### LightGBM 라이브러리를 활용한 머신러닝 학습, 예측

* LightGBM은 Microsoft에서 개발한 Gradient Boosting 프레임워크로, 대용량 데이터셋에 대한 고속 및 고성능 학습이 가능

### 데이터 불러오기 및 라이브러리 준비

In [1]:
import numpy as np
import pandas as pd

# train_x는 학습 데이터, train_y는 목적 변수, test_x는 테스트 데이터
# pandas의 DataFrame, Series로 유지합니다.(numpy의 array로 유지하기도 합니다)

train = pd.read_csv('../input/sample-data/train_preprocessed.csv')
train_x = train.drop(['target'], axis=1)
train_y = train['target']
test_x = pd.read_csv('../input/sample-data/test_preprocessed.csv')
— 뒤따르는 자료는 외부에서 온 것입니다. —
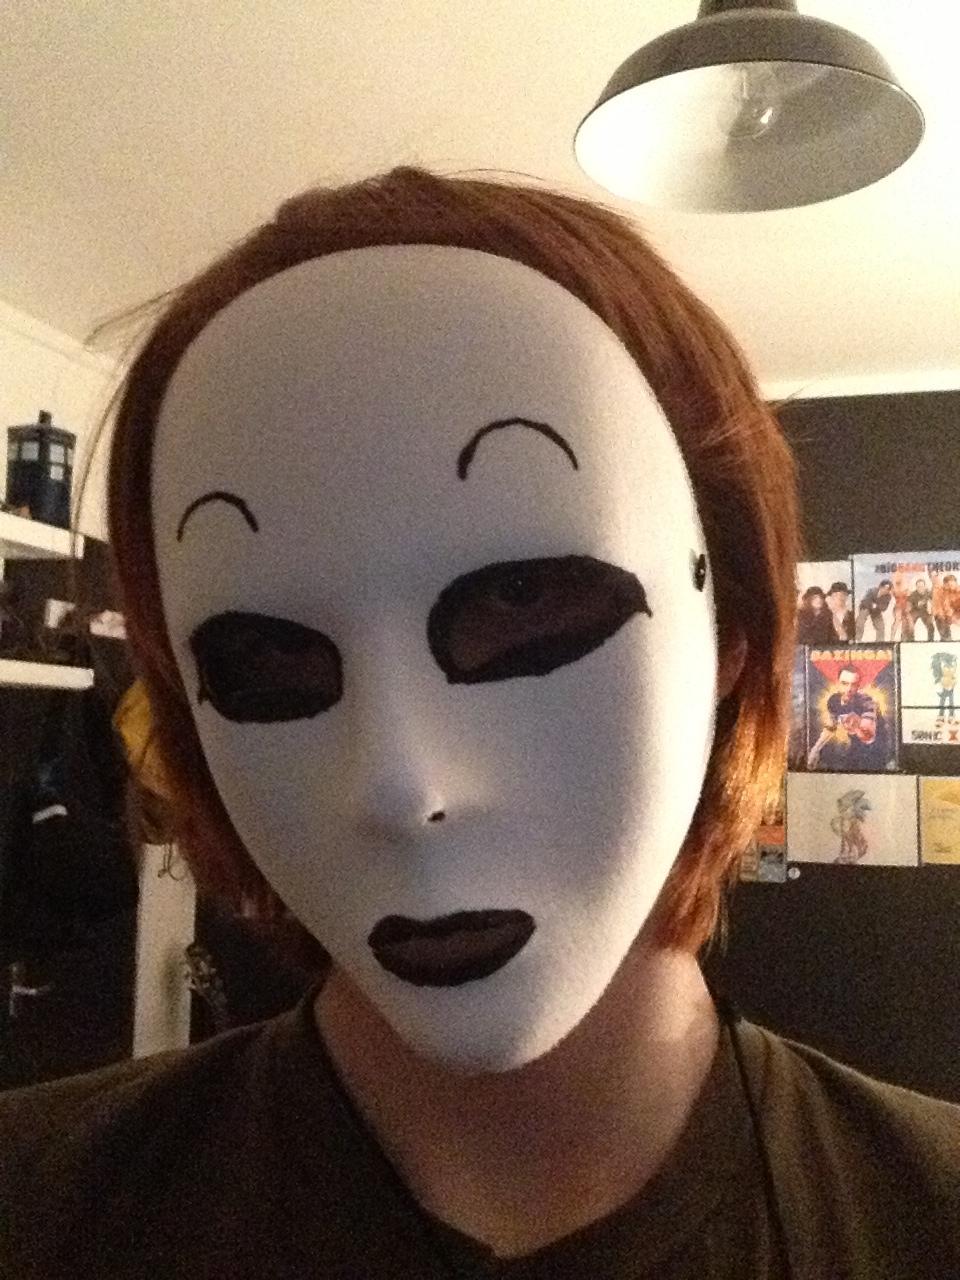 marble hornets masky mask by artisticharry on deviantart
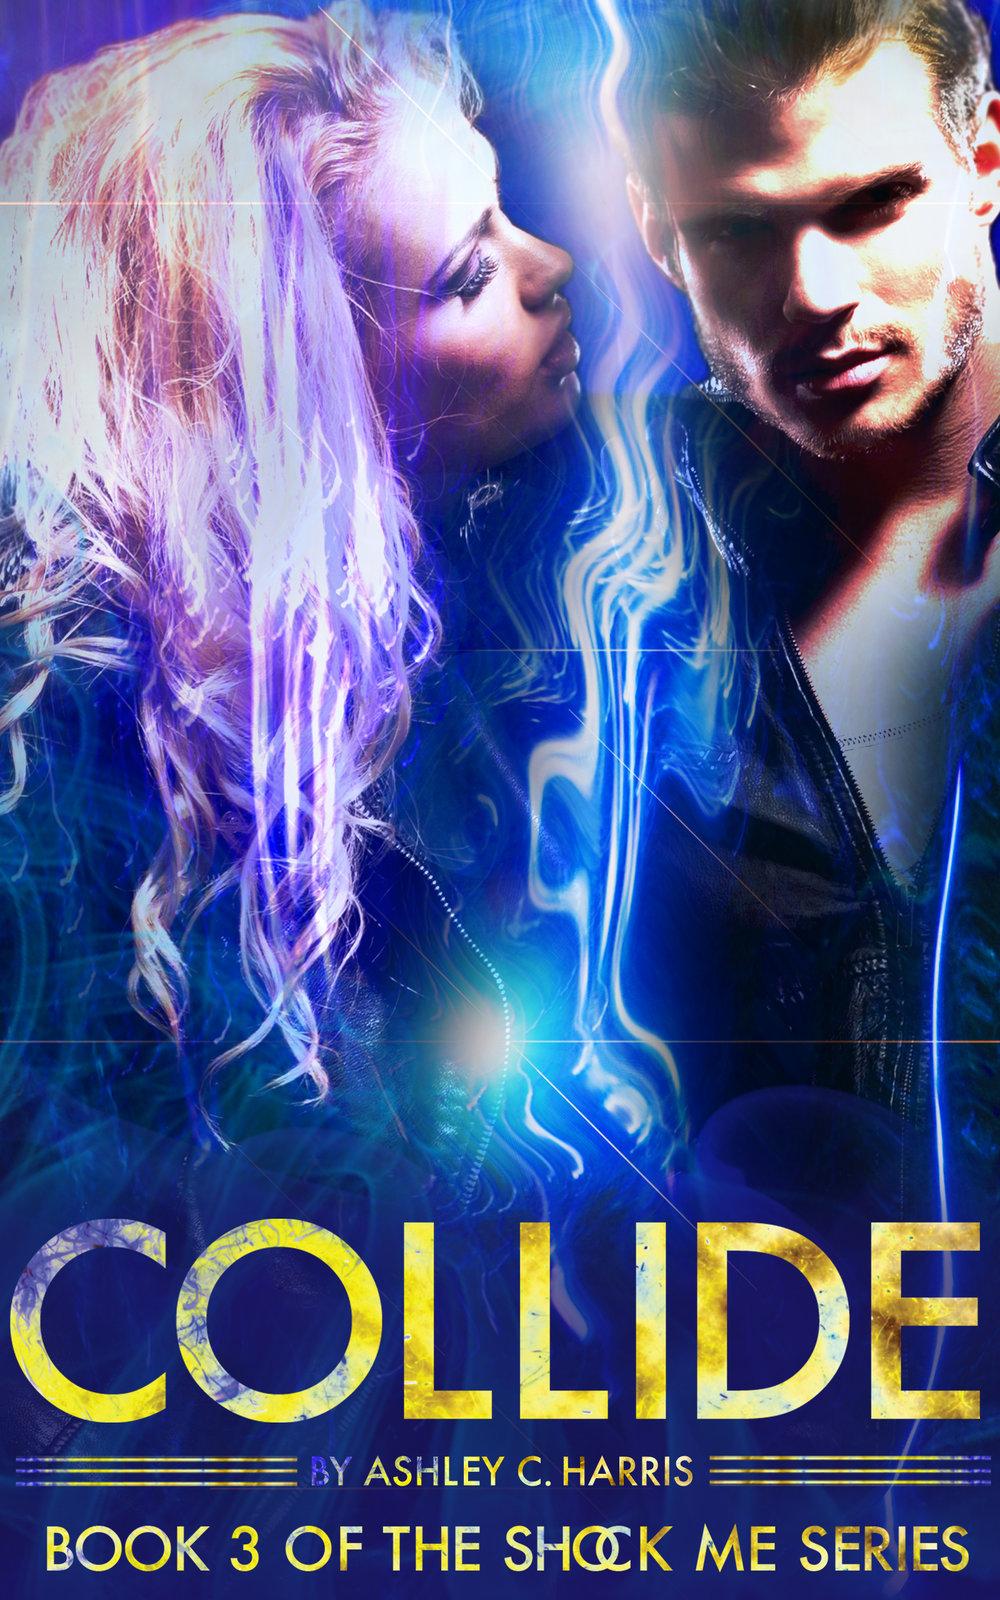 collide book cover.jpg

# 학습 데이터를 학습 데이터와 밸리데이션 데이터로 나눕니다.
from sklearn.model_selection import KFold

kf = KFold(n_splits=4, shuffle=True, random_state=71)
tr_idx, va_idx = list(kf.split(train_x))[0]
tr_x, va_x = train_x.iloc[tr_idx], train_x.iloc[va_idx]
tr_y, va_y = train_y.iloc[tr_idx], train_y.iloc[va_idx]

In [2]:
tr_x.shape, tr_y.shape, va_x.shape, va_y.shape

((7500, 28), (7500,), (2500, 28), (2500,))

### LightGBM을 활용한 이진 분류 모델의 구현

In [4]:
# -----------------------------------
# lightgbm의 구현
# -----------------------------------
import lightgbm as lgb
from sklearn.metrics import log_loss

# 특징과 목적변수를 lightgbm의 데이터 구조로 변환
lgb_train = lgb.Dataset(tr_x, tr_y)
lgb_eval = lgb.Dataset(va_x, va_y)

# 하이퍼파라미터 설정
params = {'objective': 'binary', 'seed': 71, 
          'verbose': 0, 'metrics': 'binary_logloss'}
num_round = 100

# 학습 실행
# 범주형 변수를 지정
# 검증 데이터도 추가 지정하여 학습 진행과 함께 점수가 어떻게 달라지는지 모니터링
categorical_features = ['product', 'medical_info_b2', 'medical_info_b3']
model = lgb.train(params, lgb_train, num_boost_round=num_round,
                  categorical_feature=categorical_features,
                  valid_names=['train', 'valid'], valid_sets=[lgb_train, lgb_eval])

New categorical_feature is ['medical_info_b2', 'medical_info_b3', 'product']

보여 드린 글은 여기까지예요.